From New York Magazine’s writeup of Jonah Lehrer’s rise (blogger, writer, TED talker) and fall (fabulist, fraud, quote-maker-upper), and what it means for journalism:
Then it got so much worse. Four excruciating months later, Jonah Lehrer is known as a fabricator, a plagiarist, a reckless recycler. He’s cut-and-pasted not just his own stories but at least one from another journalist; he’s invented or conflated quotes; and he’s reproduced big errors even after sources pointed them out. His publisher, Houghton Mifflin Harcourt, will soon conclude a fact-check of his three books, the last of which, Imagine, was recalled from bookstores—a great expense for a company that, like all publishing houses, can’t afford to fact-check most books in the first place. In the meantime, he’s been completely ostracized. It’s unclear if he’ll ever write for a living again.
Lehrer was the poster boy of the recent rise of ‘academia lite’ publishing, where journalists aggregate and retell a body of scientific knowledge for a popular audience. For better (Daniel Kahneman) or worse (David Brooks), readers need narratives, publishers need content, academics need publicity, these aren’t going anywhere.

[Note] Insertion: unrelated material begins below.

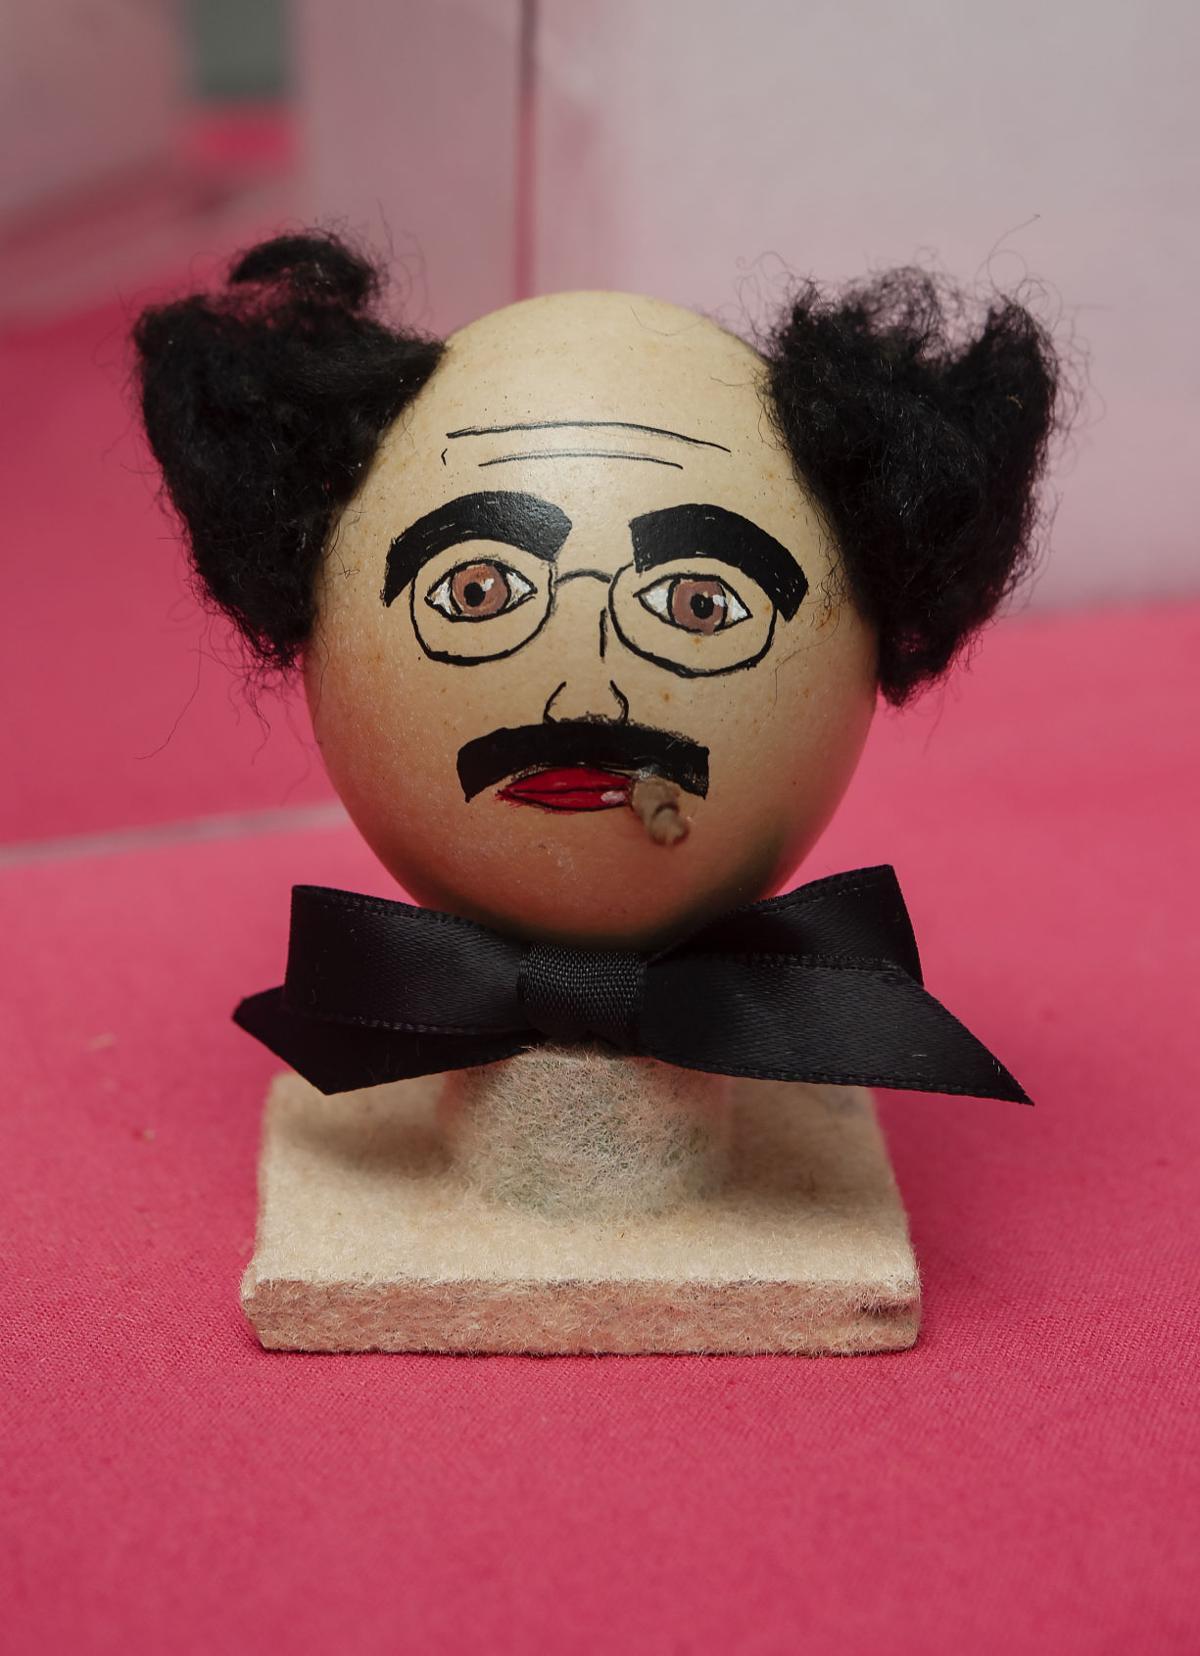 20190111_Dr_Kerfoot_Walker_collection_of_whimsical_blown_egg_art_17.jpg

The process of fact-checking these books has come under scrutiny lately, and Lehrer is just the most recent case of a journalist misinterpreting (deliberately, accidentally, who cares) the results of academic studies to fit their own manufactured narrative.
My understanding of the publishing industry is that publishers lose money on basically 99 percent of the books they publish every year, and get into the black on just a few blockbusters. Publishers say they can’t fact-check all the books they print. I’m not all that sympathetic to this (‘it would be super hard’ is rarely a convincing defense for a multinational corporation), but more books rather than fewer is a good thing, and the reality is that publishers aren’t gonna put a New Yorker-style confirmation apparatus in place overnight.
I feel like a first step toward more accuracy in publishing is for authors to be much more accountable to their sources. Lehrer is basically accused of coming up with a conclusion first, then arranging his quotes and sources to confirm it. From what I know from my (brief) experience as an actual journalist, this is pretty standard practice. You hear about a story, you read a bit, you write it up, and you leave spaces with tags like quote from Yankees fan goes here or need Census data for this paragraph to fill in later. Good journalists will, obviously, change the story if their facts contradict their conclusions, but the actual methodology is fairly widespread.
The problem with this approach is that it conceives of sources as Mad Libs generators. You need a quote from someone, you call them up, you get them to talk til they say something that will fill the hole, you hang up. In journalism school you’re told a million times that sources aren’t allowed to see the final story before it’s published, and don’t get to amend their quotes.
This maybe makes sense for political journalism, where sources have an incentive to make themselves look good. If you’re interviewing them about some aspect of their job performance as a public official, they might try to spin you in a particular way if they know what you’re writing. Fine.
But science journalism is different. In the kinds of books and articles Lehrer was writing, his sources’ incentives were aligned with his own. Scientists want their work to reach a mass audience, and for articles to portray their results accurately.
I mean, check this out:
If Lehrer was misusing science, why didn’t more scientists speak up? When I reached out to them, a couple did complain to me, but many responded with shrugs. They didn’t expect anything better. Mark Beeman, who questioned that “needle in the haystack” quote, was fairly typical: Lehrer’s simplifications were “nothing that hasn’t happened to me in many other newspaper stories.”
Maybe book publishers can’t independently verify every single fact in every single book. But they can certainly call five or ten of their authors’ main sources, show them some chapters, and ask them if their work is being fairly represented. If Lehrer knew that his work would be shown to people he interviewed and the authors of studies he cited, he would have been much less likely to distort their findings.
Yes, this approach has problems. Maybe the sources are dicks, and they don’t want a journalist broadcasting their results. Maybe they’re crazy-academic, and they don’t want their work published unless it’s drowning in jargon and caveats.
But maybe they’re not. Maybe they want to help make sure their work is fairly represented. Maybe they want to contribute additional information that could clarify it.
Either way, I fail to see how contacting an author’s sources—and being transparent with readers about it—would be worse than the current model, in which sources are interviewed and then discarded, and play no instrumental role in how their words and their work is represented. Sources shouldn’t necessarily have the right to approve everything that’s written about their work, but they should at least be consulted.
Authors and journalists that see true stories and correct information, rather than dazzling writing, as their primary constituents, should be arguing for this themselves.
Ultimately, I think Lehrer’s real sin was not believing in his own skill as a writer. If his work had focused on how there isn’t a simple explanation for complex phenomena, how much we don’t know about intuition, how evidence doesn’t clarify the world around us, he might still have ended up famous. And maybe, he could even have ended up right.